Masuk Daftar
My Getplus

Jimmy Greaves Sang Predator Gol

Pembunuh berdarah dingin Inggris di kotak penalti lawan. Dikenang dan dihormati sampai ke Italia.

Oleh: Randy Wirayudha | 21 Sep 2021
Ilustrasi (Betaria Sarulina/Historia)

PARA pemain Tottenham Hotspur dan Chelsea mengelilingi lingkaran tengah lapangan. Sekira 60 ribu penonton juga berdiri dari tempat duduk mereka. Setelah layar besar Stadion White Hart Lane, markas Spurs, menampilkan foto pemain legendaris Jimmy Greaves, gemuruh aplaus penonton mengikuti selama satu menit jelang kick off derby London di matchday kelima Premier League, Minggu petang (19/9/2021).

Penghormatan itu diberikan kedua tim rival sekota itu untuk mengenang Greaves yang wafat pada Minggu paginya di usia 81 tahun. Greaves wafat dalam tidurnya di kediamannya di Essex, Inggris, karena kesehatannya yang terus menurun. Sejak 2015, mendiang Graves menderita stroke yang membuatnya lumpuh dan kesulitan bicara.

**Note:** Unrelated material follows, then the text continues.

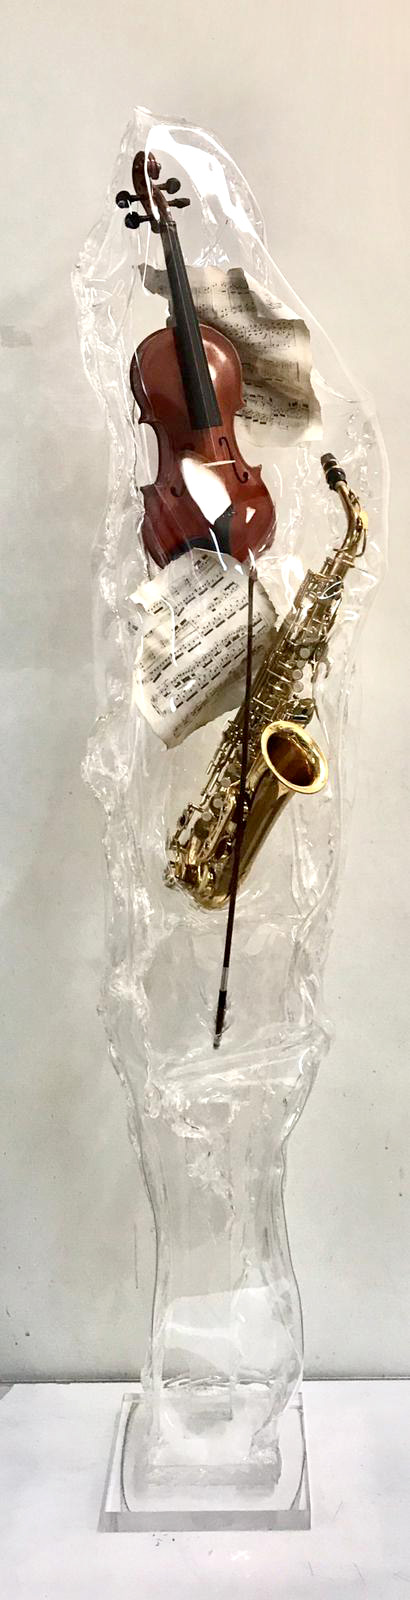 franck-tordjmann-sculpture-violon-saxophone-plexiglas
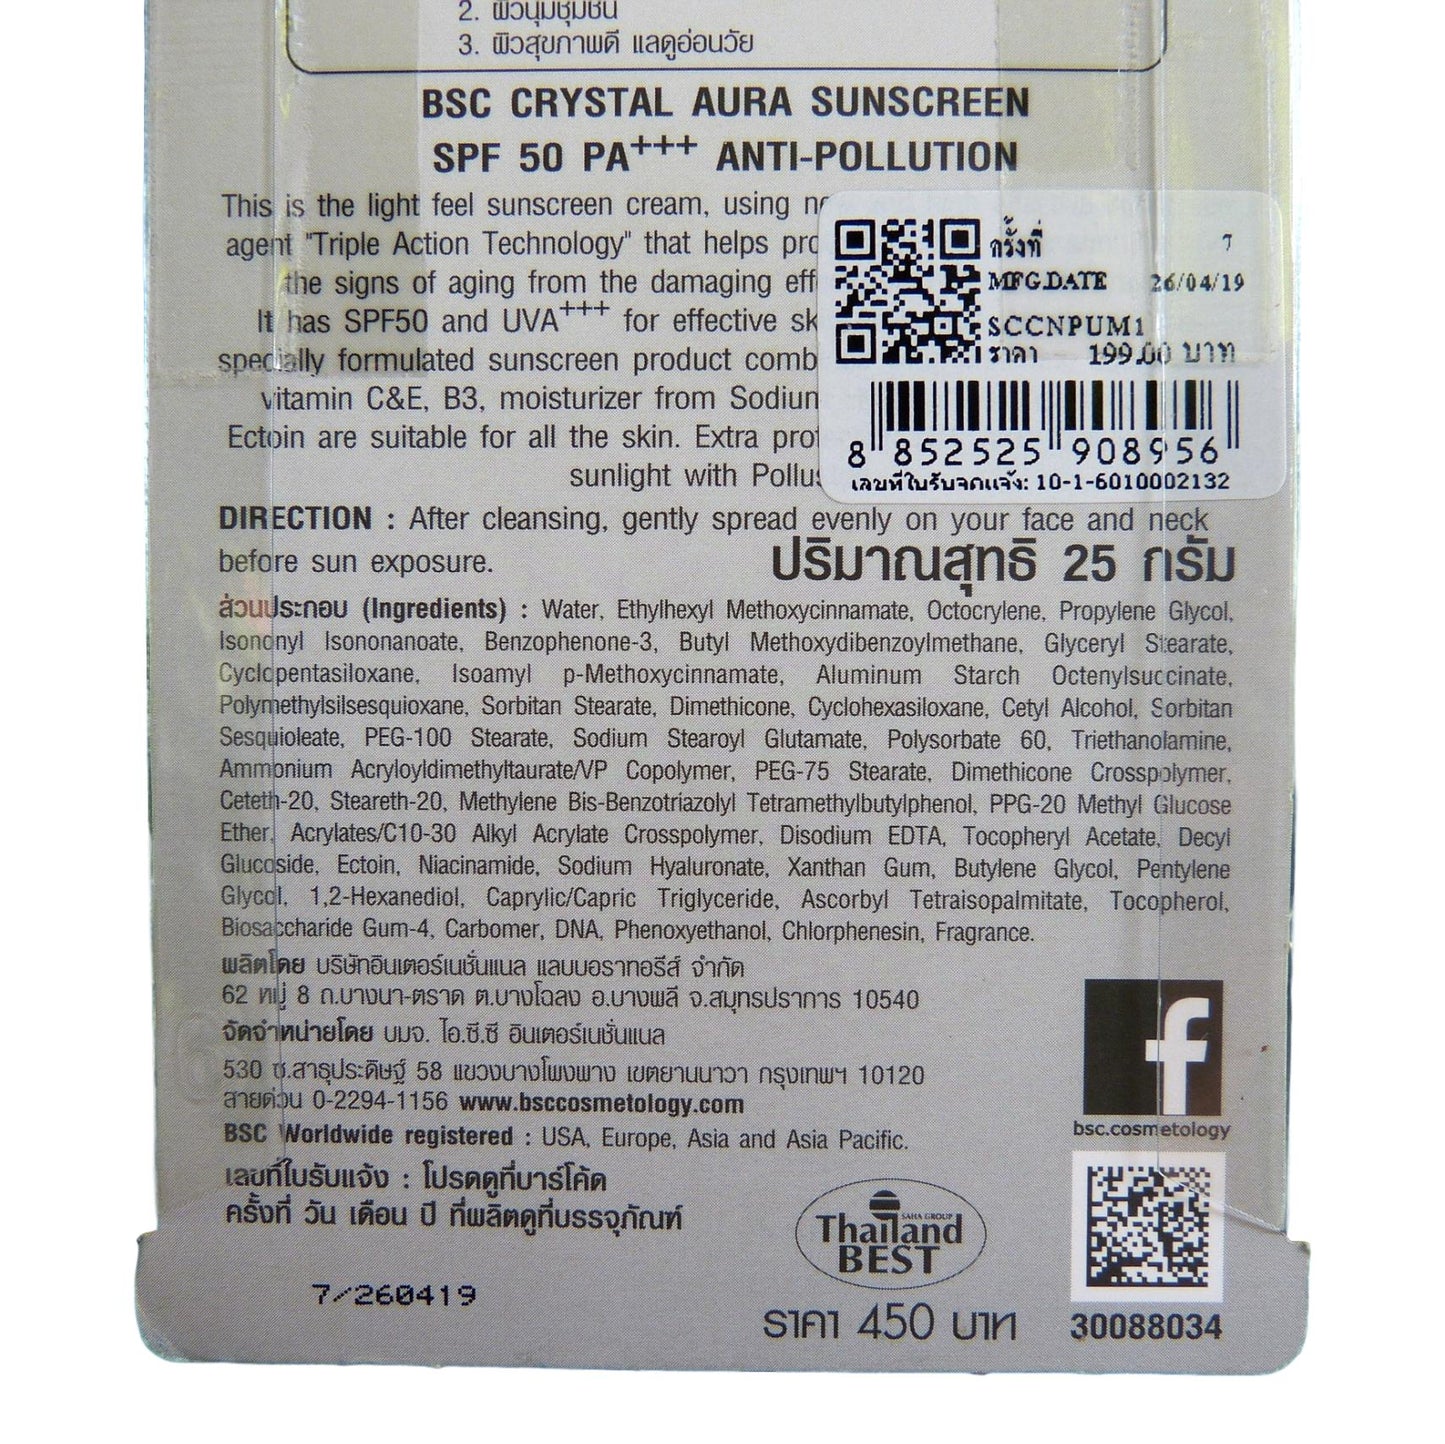 BSC Cosmetology Crystal Aura Anti Pollution Sunscreen SPF 50 - Asian Beauty Supply

Chelsea dan Spurs adalah dua klub yang punya sejarah bagi Graves semasa hidupnya. Di Chelsea, Greaves memulai debut profesionalnya dan di Spurs, ia menorehkan namanya sebagai salah satu juru gol tersubur di masanya dengan membukukan 220 gol dalam 321 penampilan.

Advertising
Advertising

“Jimmy adalah pemain dan pencetak gol luar biasa dan seorang legenda untuk klub dan negara ini. Sungguh mengerikan untuk membayangkan betapa hebatnya dia sebagai pemain. Bagi seseorang seperti saya melihat jumlah golnya dan mungkin suatu hari saya bisa memecahkan rekornya akan sangat hebat,” kata Harry Kane, kapten Spurs yang kini baru mengumpulkan 166 gol, dilansir Sky Sports, Senin (20/9/2021).

Baca juga: Obituari: Bomber Sangar Itu Bernama Gerd Müller

Bukan hanya Chelsea, Spurs, dan segenap insan sepakbola Inggris yang merasa kehilangan. Tim AC Milan di Italia pun turut berduka. Walau hanya semusim, Greaves turut mengantar Rossoneri (julukan AC Milan) memenangi Serie A pada 1961-1962.

“Kami turut berbelasungkawa sedalam-dalamnya atas meninggalnya mantan pemain kami Jimmy Greaves. Hati dan simpati kami bersama teman, kerabat, dan keluarga tercinta yang tengah berduka. Walau kebersamaan kami tidak panjang, kami akan mengenangnya selamanya. Selamat jalan, Jimmy,” tulis manajemen klub di akun Twitter-nya, @acmilan, Minggu (19/9/2021).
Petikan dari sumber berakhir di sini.